"A man’s heart plans his way,
But the Lord directs his steps."
|Taken from www.momlifetoday.com|
As our savings dwindled down to nothing, I knew I NEEDED to do SOMETHING, ANYTHING to bring in some income. My retail gift shop, although successful, hadn't been enough to make ends meet. And my direct sales adventure had not taken off like I had anticipated. And we all know that getting a business off the ground usually necessitates more expenses in the beginning. I have not given up on these two venues.
It was time to seek employment outside the home. With each click of my mouse, visiting different employment websites, my heart felt squeezed, clenched tighter and tighter. My eyes burned with tears. It took every ounce of my being to continue this difficult task because it went against my will to do anything but be a full time homemaker. Of course this could be debated if someone who is unfamiliar with such demands walked into my home!
What a blessing I have in my two year old son whom I have watched grow every minute of his life. I have not missed one milestone yet. He is MY responsibility to raise. To instill Christian values. To shepherd in this life. To give endless amount of kisses throughout the day. To teach. To share. To play with. To cook for. To wipe hineys. I don't want anyone else replacing me! I don't want to miss one single moment of this (except maybe the occasional middle-of-the-night awakenings!).
I closed my eyes and submitted my application to a temp agency for a part-time church secretary position. The next day I was called in for an interview. I drug my feet to get there, didn't prepare, and surely did not want to be there! A big relief when I didn't have enough proper identification on me to have the interview!

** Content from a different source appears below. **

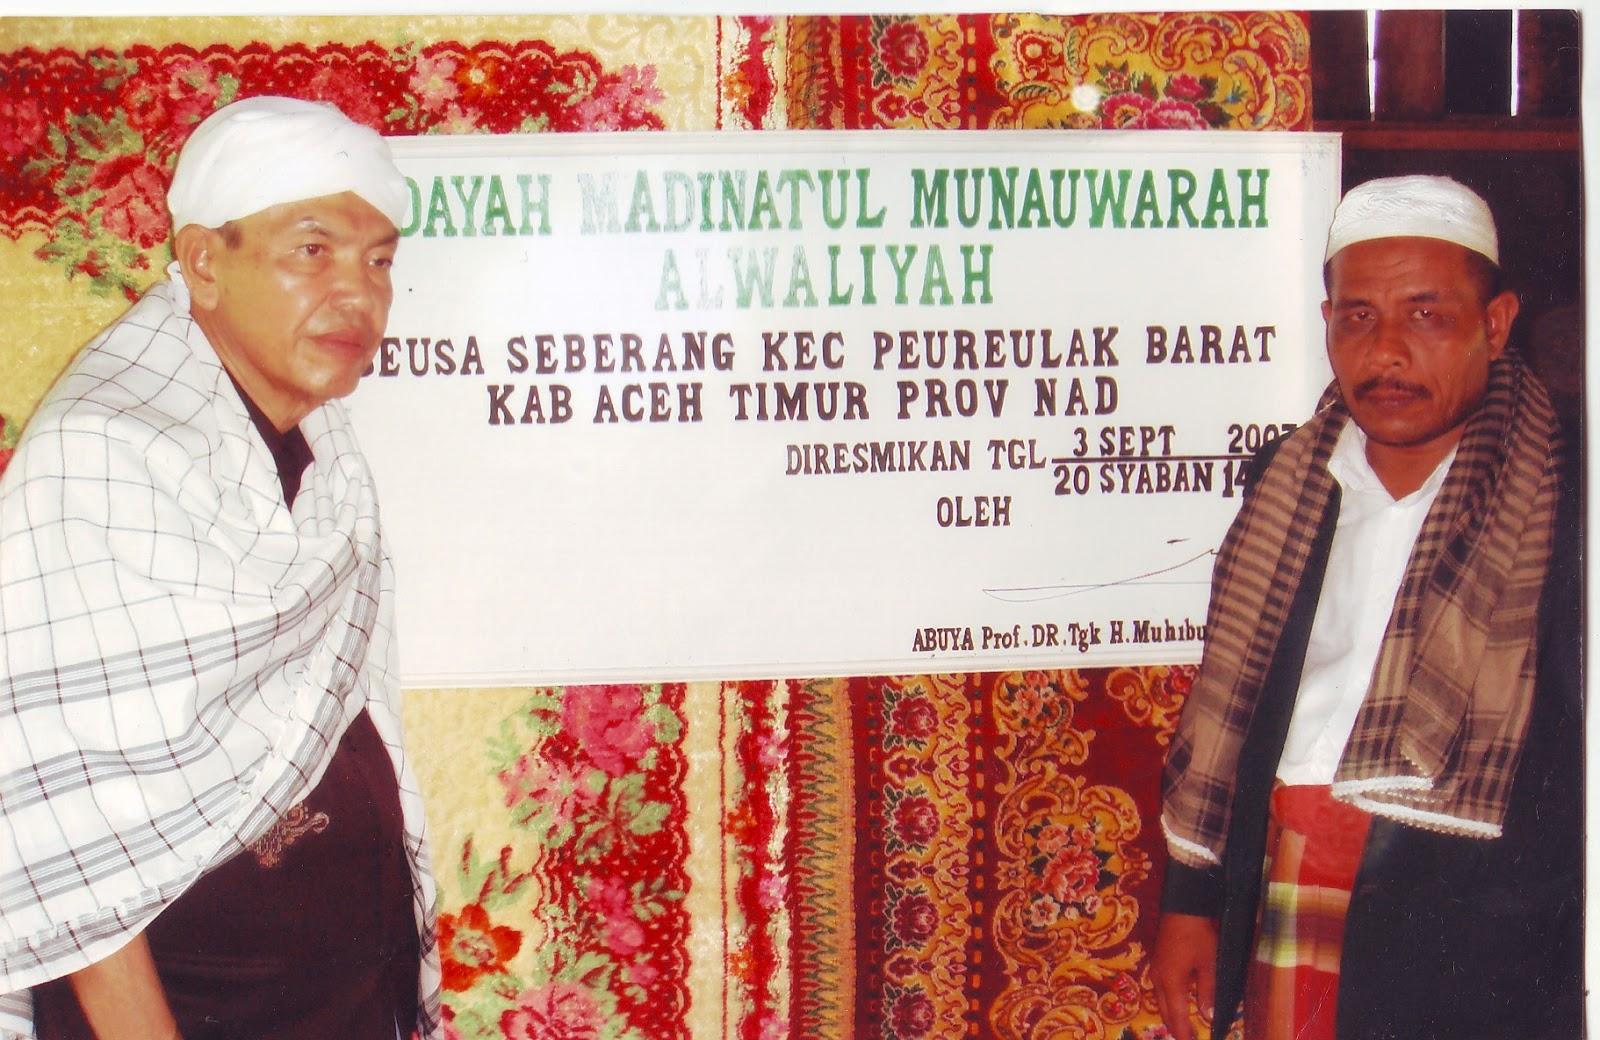 Abuya Prof.DR.tgk.H.Muhibuddin Waly meresmikan Dayah Amal

Unawares, this was just the beginning of my God-sighting (a circumstance where God's hand is particularly evident). I did reschedule the interview - a week later. I took that time to cry and pray and cry and think and cry and worry and cry and mull things over and cry and debate with myself and cry and . . . .
Then I discovered PEACE! It's like one night during my quite time with God that it just hit me. Afterall I had envisioned, in years past, a church secretary position as ideal for various reasons. And afterall I might could compromise part-time.
This was just the beginning of my peace. The interview process at the temp agency went incredibly well. I passed all those dreaded typing tests and Microsoft Office evaluations with a breeze, well exceeding the average percentage required (not to brag). I connected with the lady, who was quite impressed with my resume, education and experiences. And of course I easily passed my drug screening and background check. I learned that I would not have to do payroll! Although this cut my hours from 16 to 12 hours a week, I would not have to be away from home as much (nor be responsible for such reports!).
The peace completely settled in during the interview process with the church. My supervisor harbored such sweetness and sincerity, easy to talk with and share concerns. Why was I even concerned! She had already thought about my gas mileage and instead of having to come in more days a week with less time each day, I'll come in less days putting in more time. Freeing up more days to be with Little Jack and the most important day of the work week to take Little Jack to some social activities and for me to participate in a coveted Bible study!
Long story short - God calls and equips. And now I have 3 part-time jobs - The Gift Barn, Verefina Independent Consultant, and church secretary - and 2 full-time jobs - marriage and motherhood.